**Problem details:**
Can you copy out the data exactly? Leave the images out.

---------- Collected material

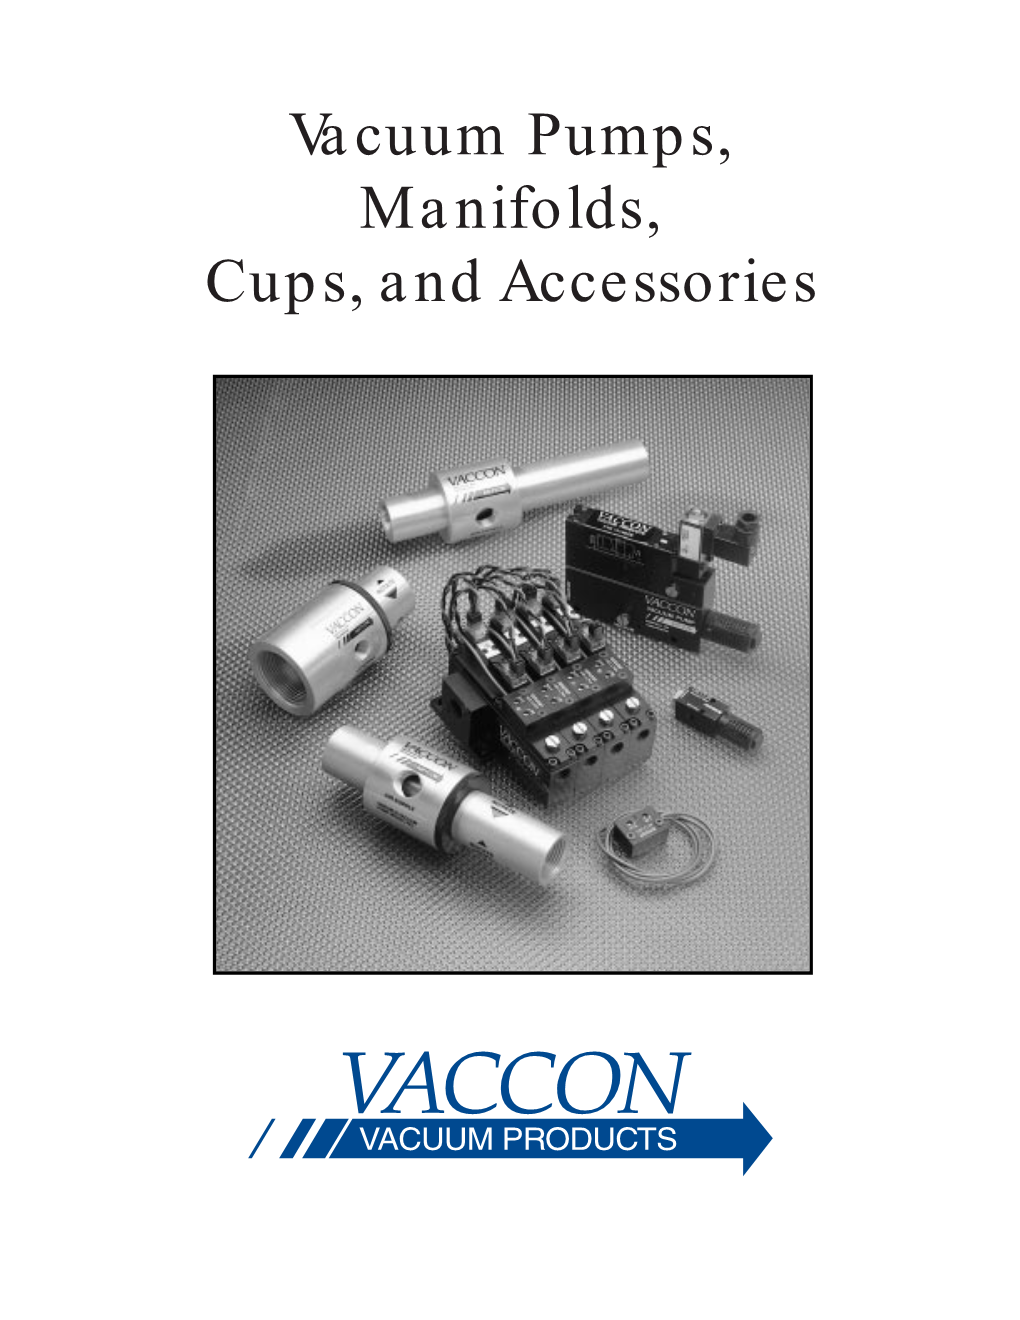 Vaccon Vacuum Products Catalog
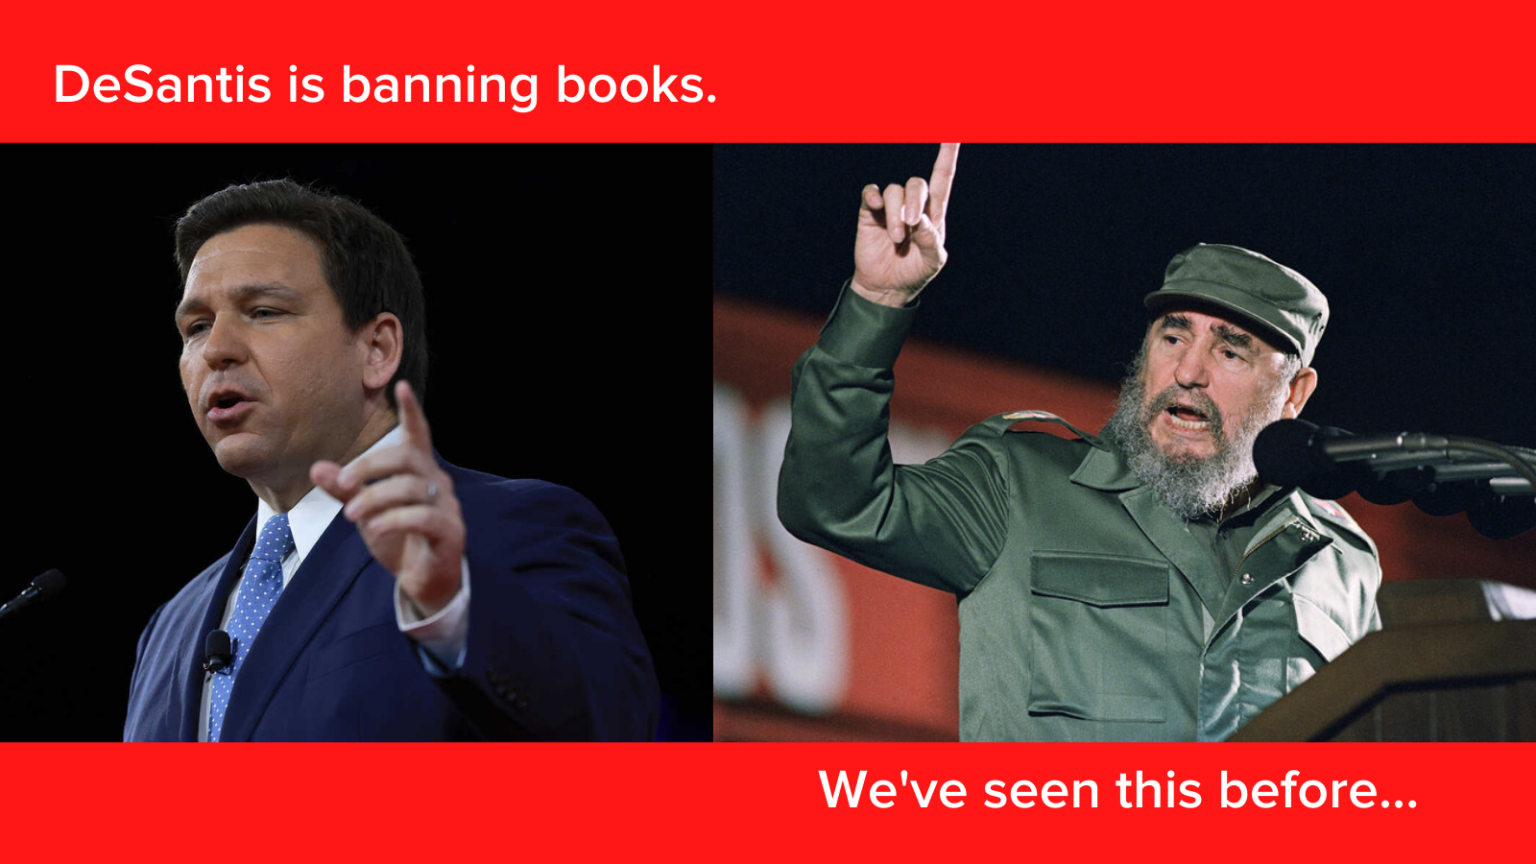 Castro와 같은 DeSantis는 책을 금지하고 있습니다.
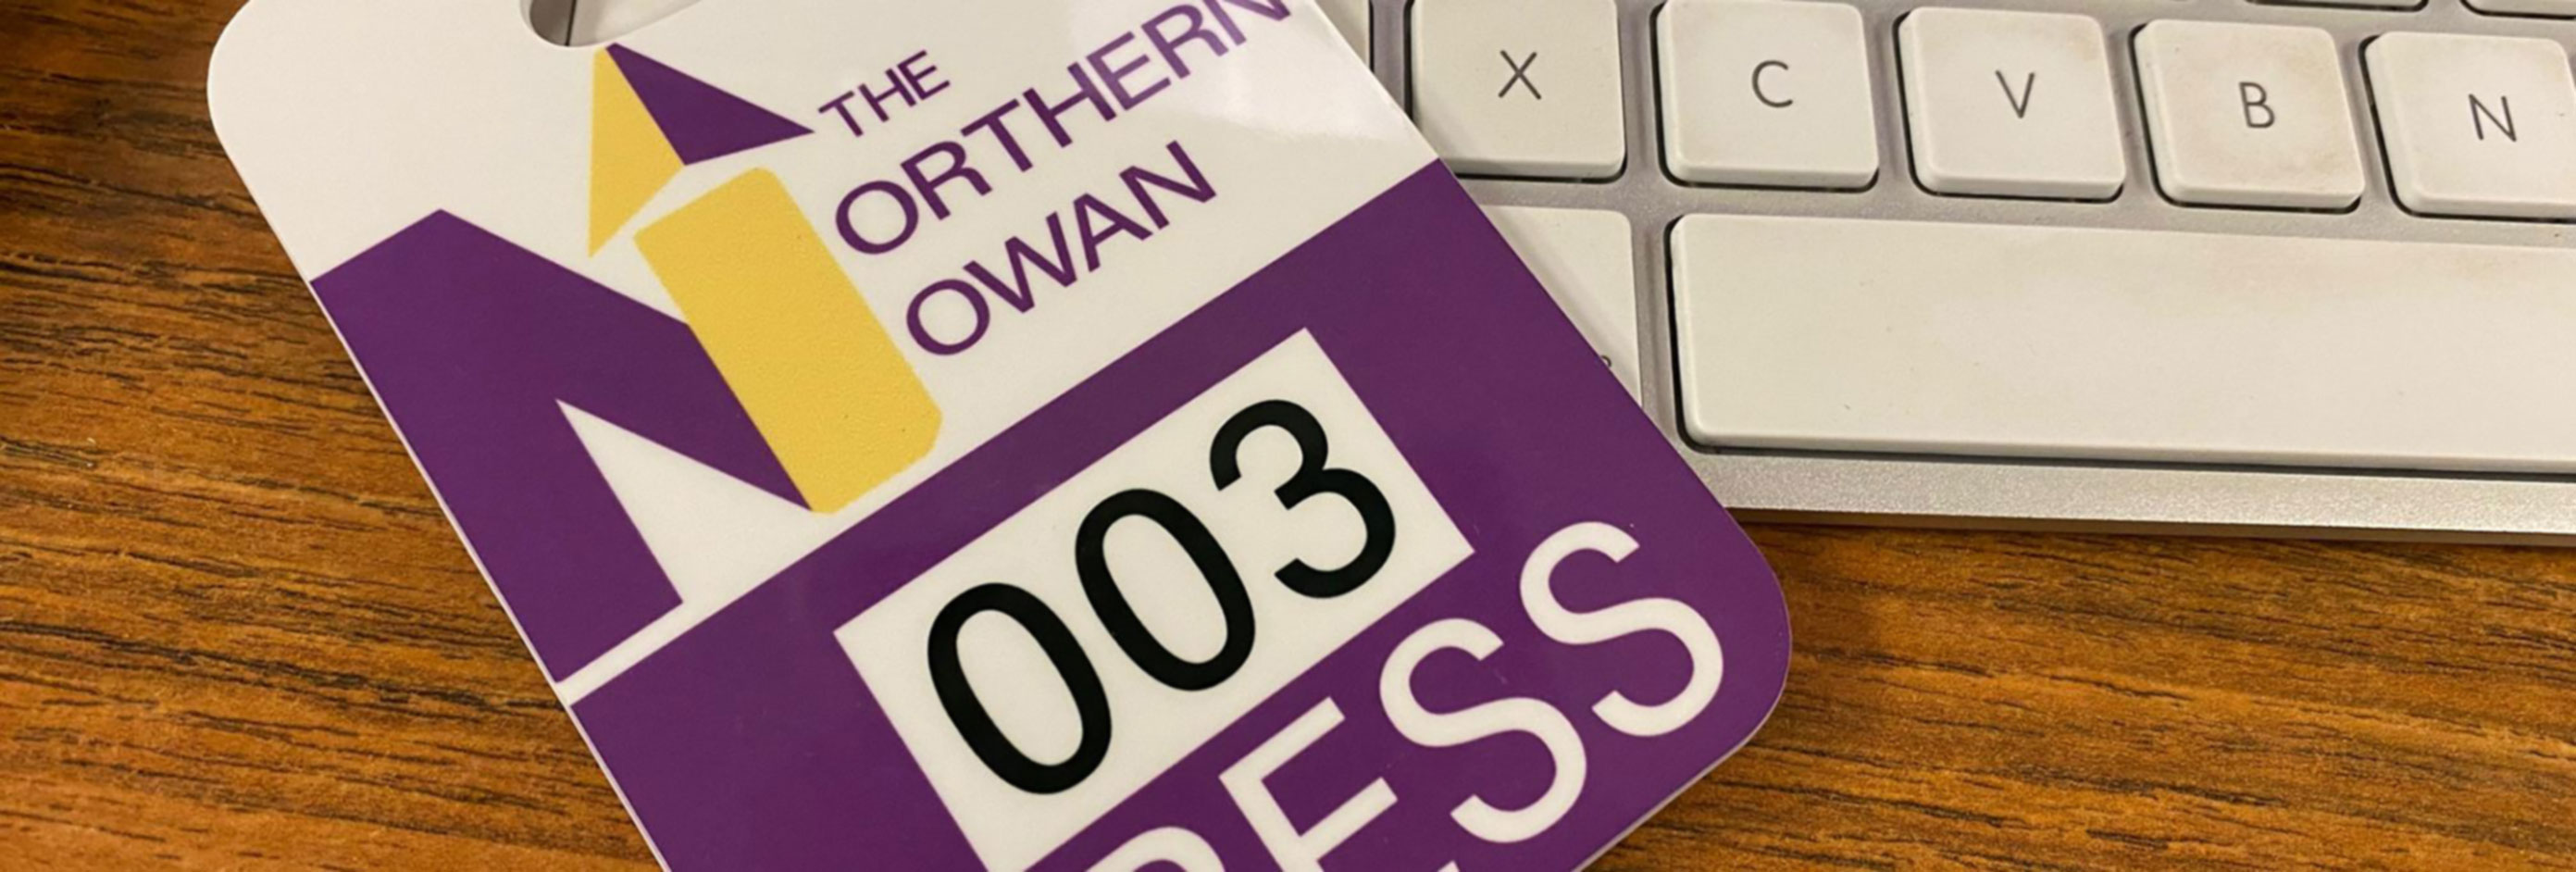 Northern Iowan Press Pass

--------------------

**Expected output:**
 Vaccon Vacuum Products Catalog
 Castro와 같은 DeSantis는 책을 금지하고 있습니다.
 Northern Iowan Press Pass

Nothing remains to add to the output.